Back in August, Edmund Connelly wrote about a culture of corruption that pervades the Orthodox Jewish community in New York and New Jersey.  Solomon Dwek’s rabbi father renounced him after he informed on money laundering within the community as part of a plea bargain in his case of bank fraud. Now New reports that the feds are investigating Dwek’s charitable contributions. The basic scheme is to contribute to a Hassidic charity in order to get a tax write-off, but then receive kickbacks of up to 95% of the money from the charity.
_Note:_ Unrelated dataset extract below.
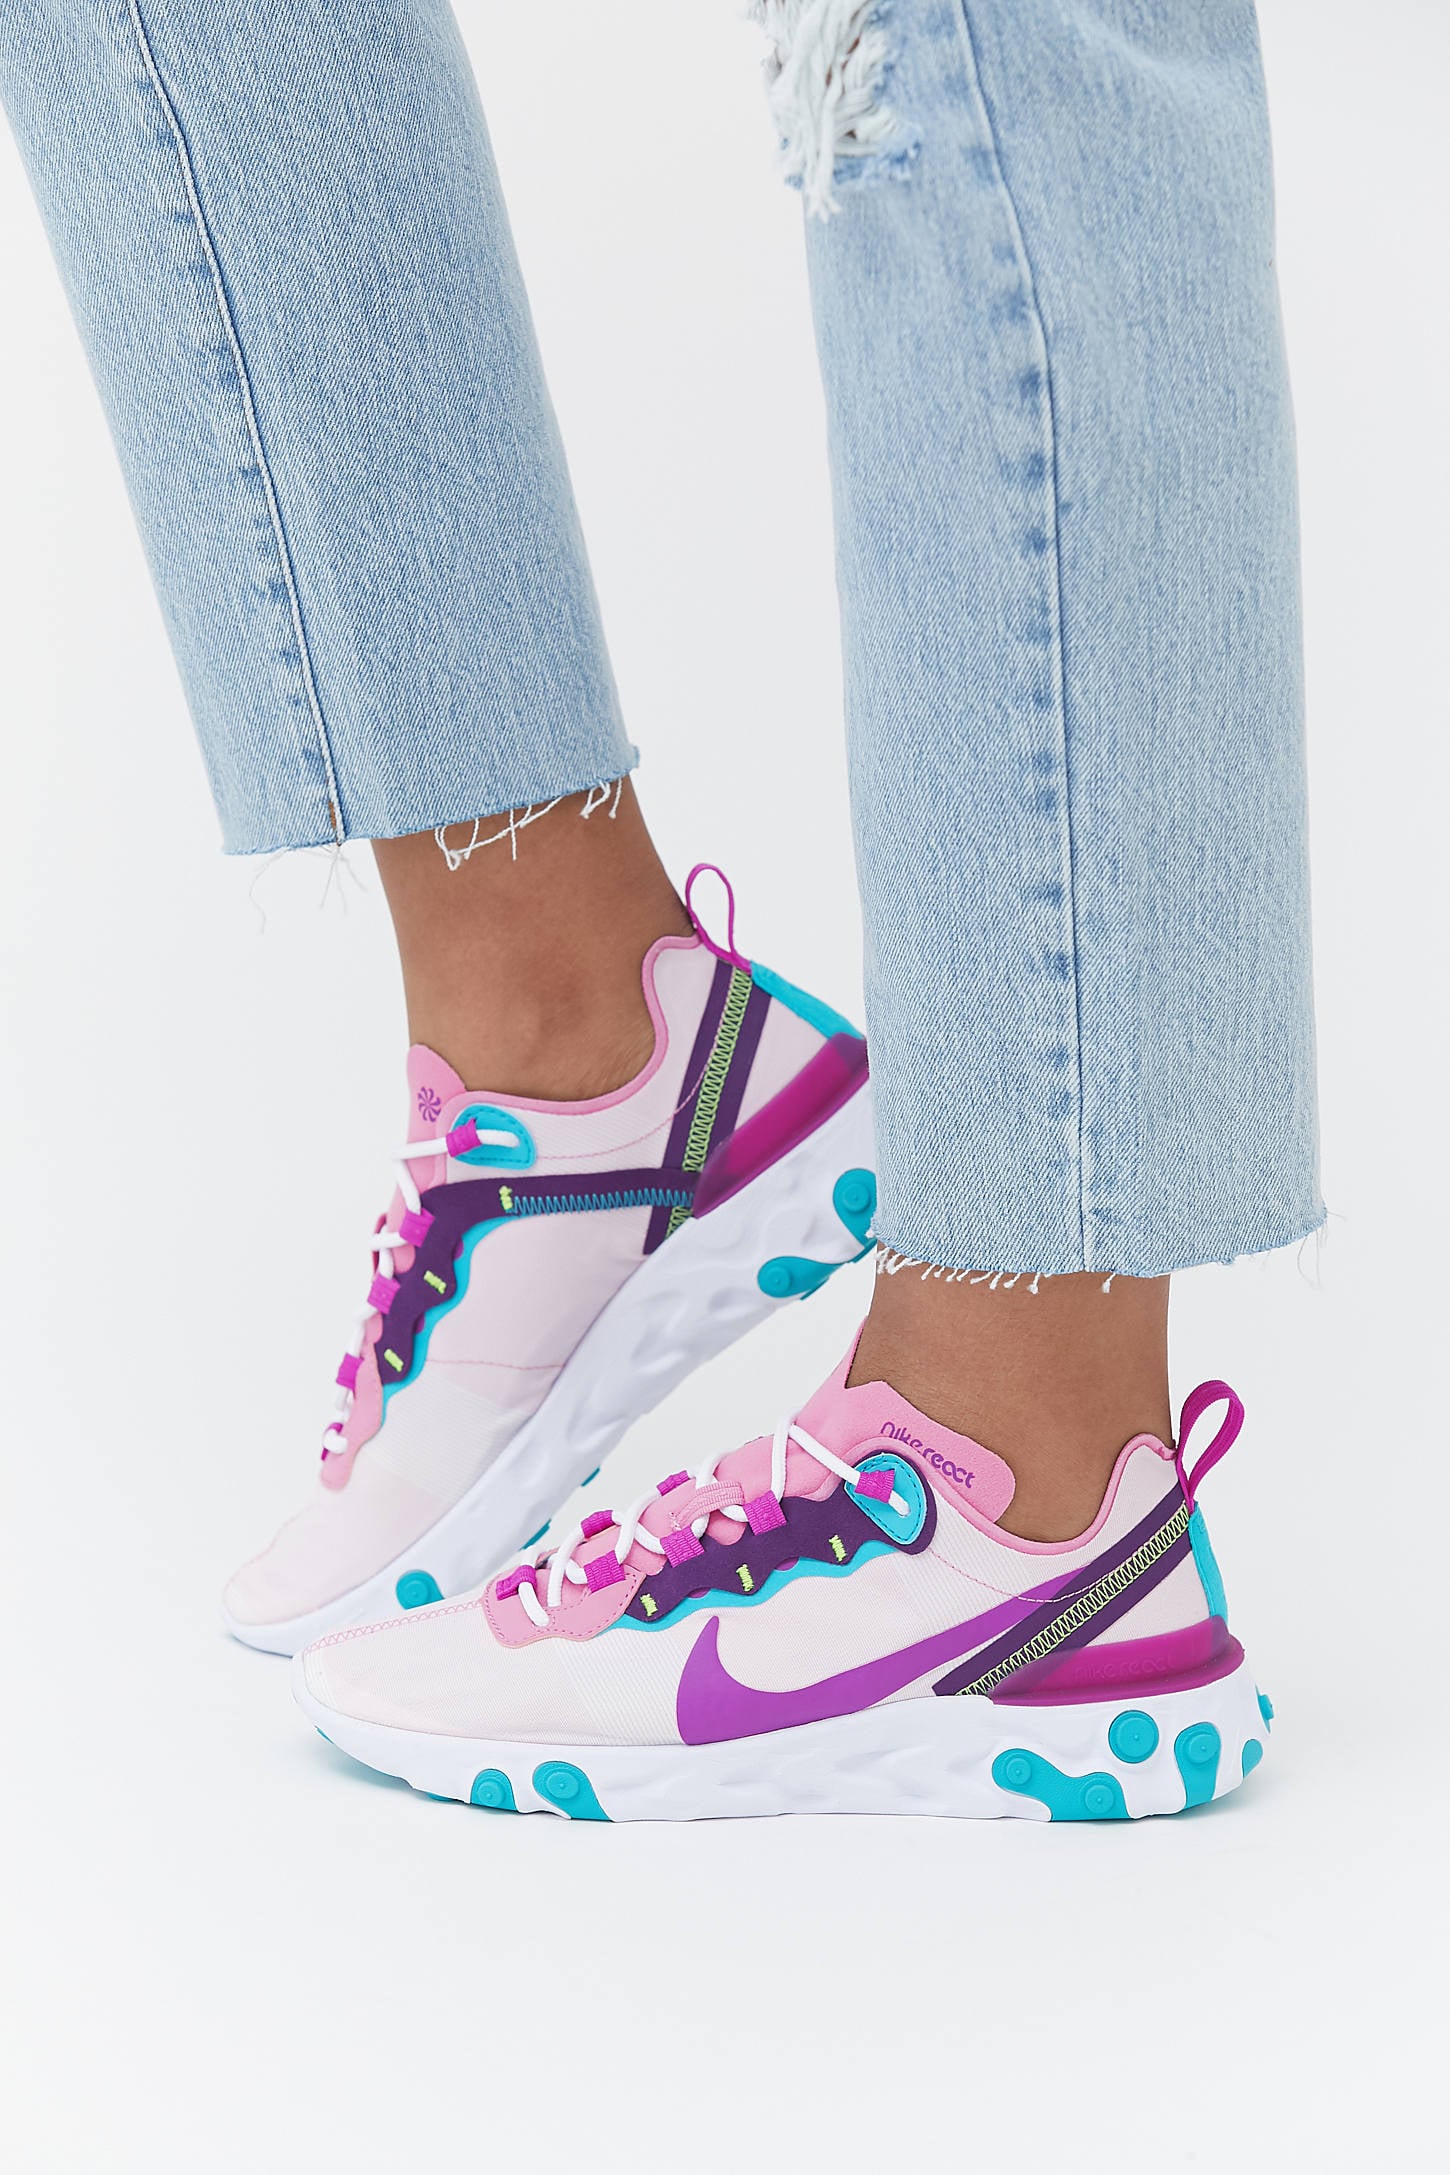 purple and blue nikes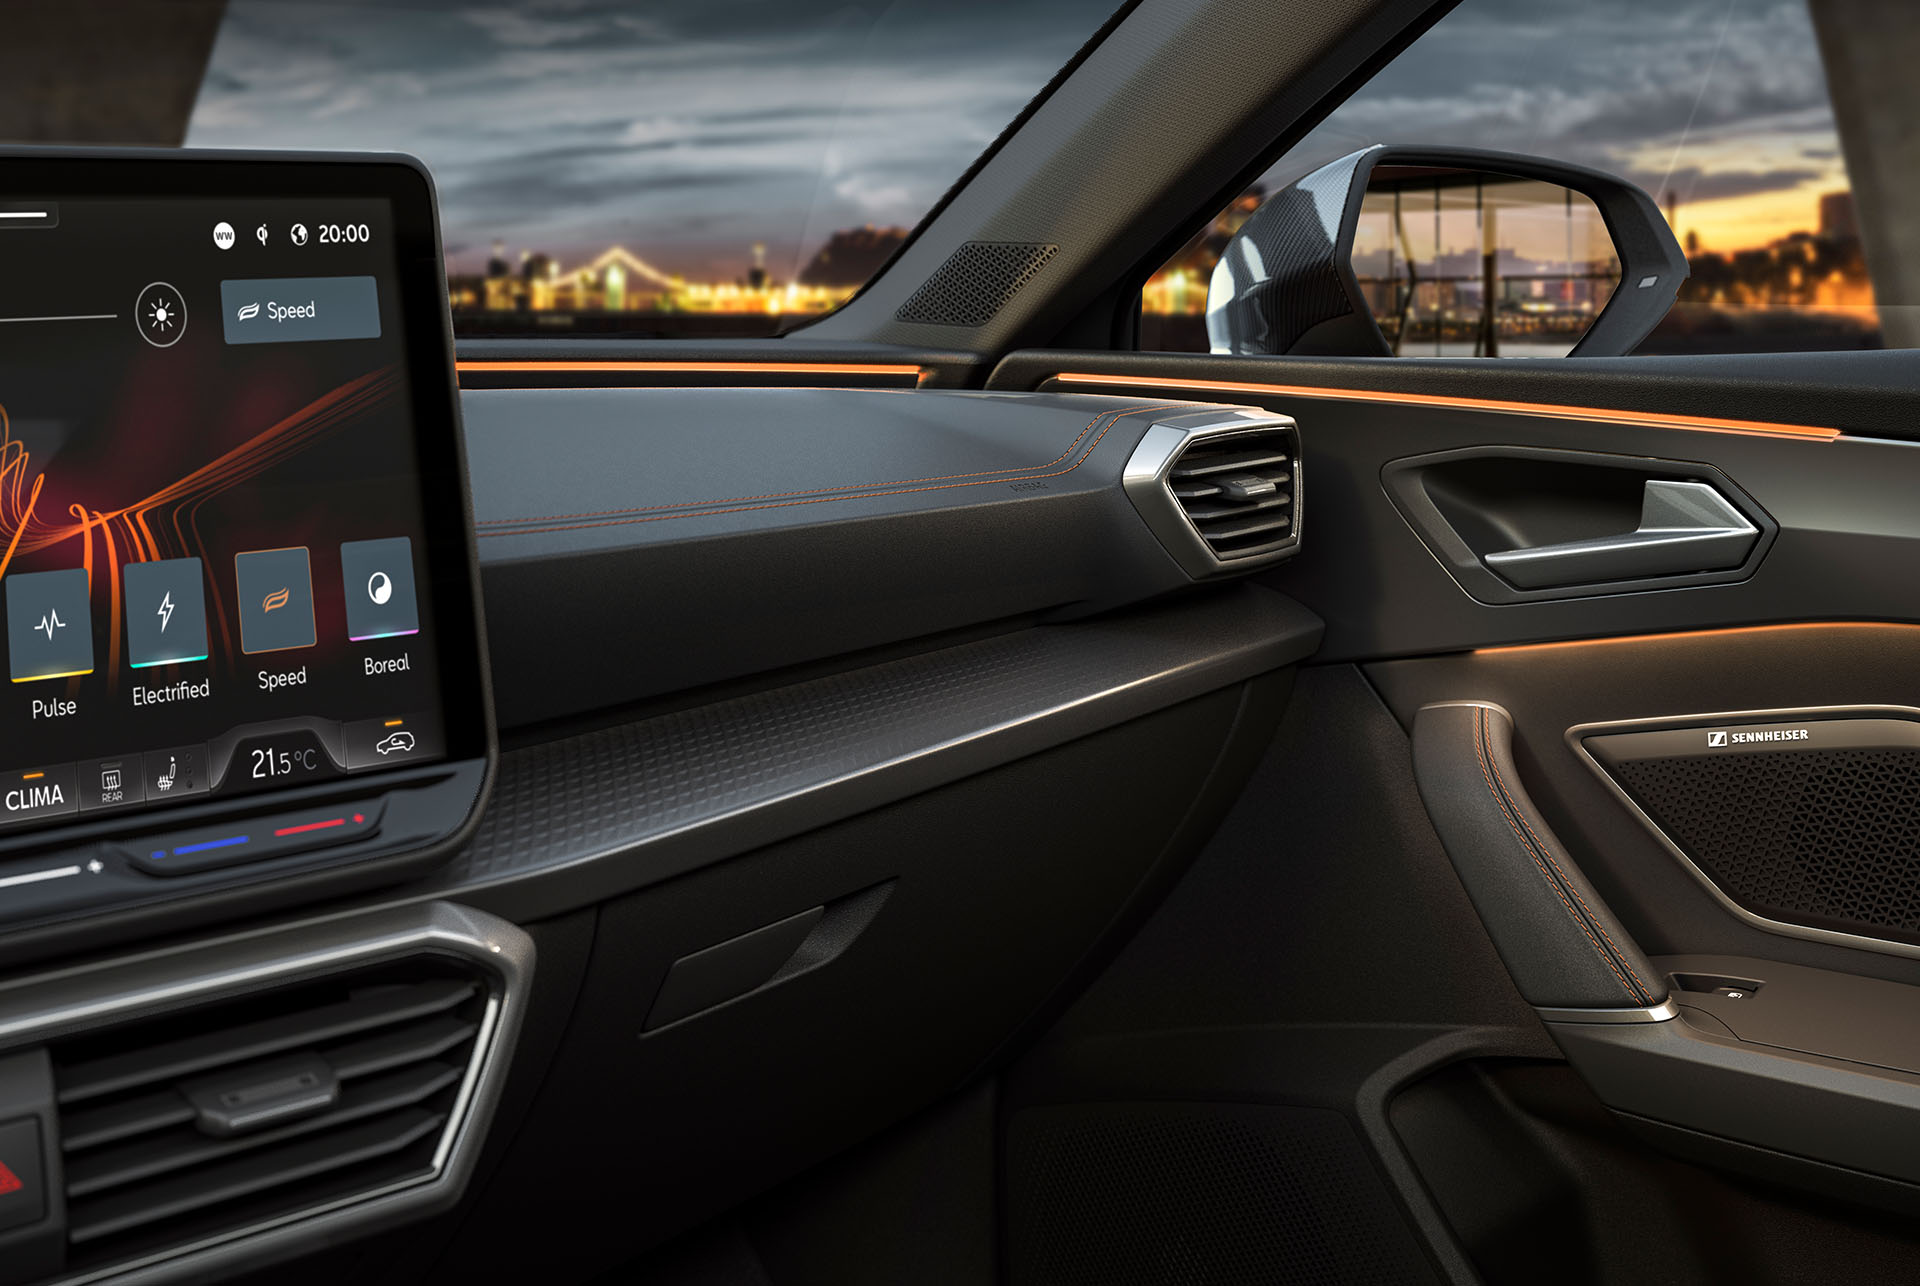 new leon sportstourer 2024 edge equipment upgrade technology, ambient lighting and infotainment system. Keyless advanced, anti-theft system and a rear view camera.

But it’s far wider than just Dwek: “In Los Angeles, more than 100 contributors to a Hasidic Jewish sect in Brooklyn are being investigated by the U.S Attorney for the Central District of California in connection with the same kind of kickbacks spelled out in the New Jersey cases.”

Those involved are often religious leaders and the wealthy:

A similar scheme led to federal charges in 2007 against the Grand Rabbi of Spinka, the spiritual leader of an Orthodox sect based in Brooklyn. Millions of dollars were contributed to Spinka organizations from donors who secretly got back up to 95 percent of their money — despite declaring all of it as charitable giving on their federal income taxes.

Grand Rabbi Naftali Tzi Weisz, 61, of Brooklyn pleaded guilty earlier this year in Los Angeles, where the case was prosecuted, and is awaiting sentencing.

One of the contributors to the Spinka charities, David Hager, 55, of Los Angeles, was sentenced earlier this year to six months in federal prison after pleading to two counts of tax evasion. He was accused of claiming deductions for contributions that had been reimbursed at a rate of 90 cents for every dollar he donated.

Hager was worth over $400 million, according to court records.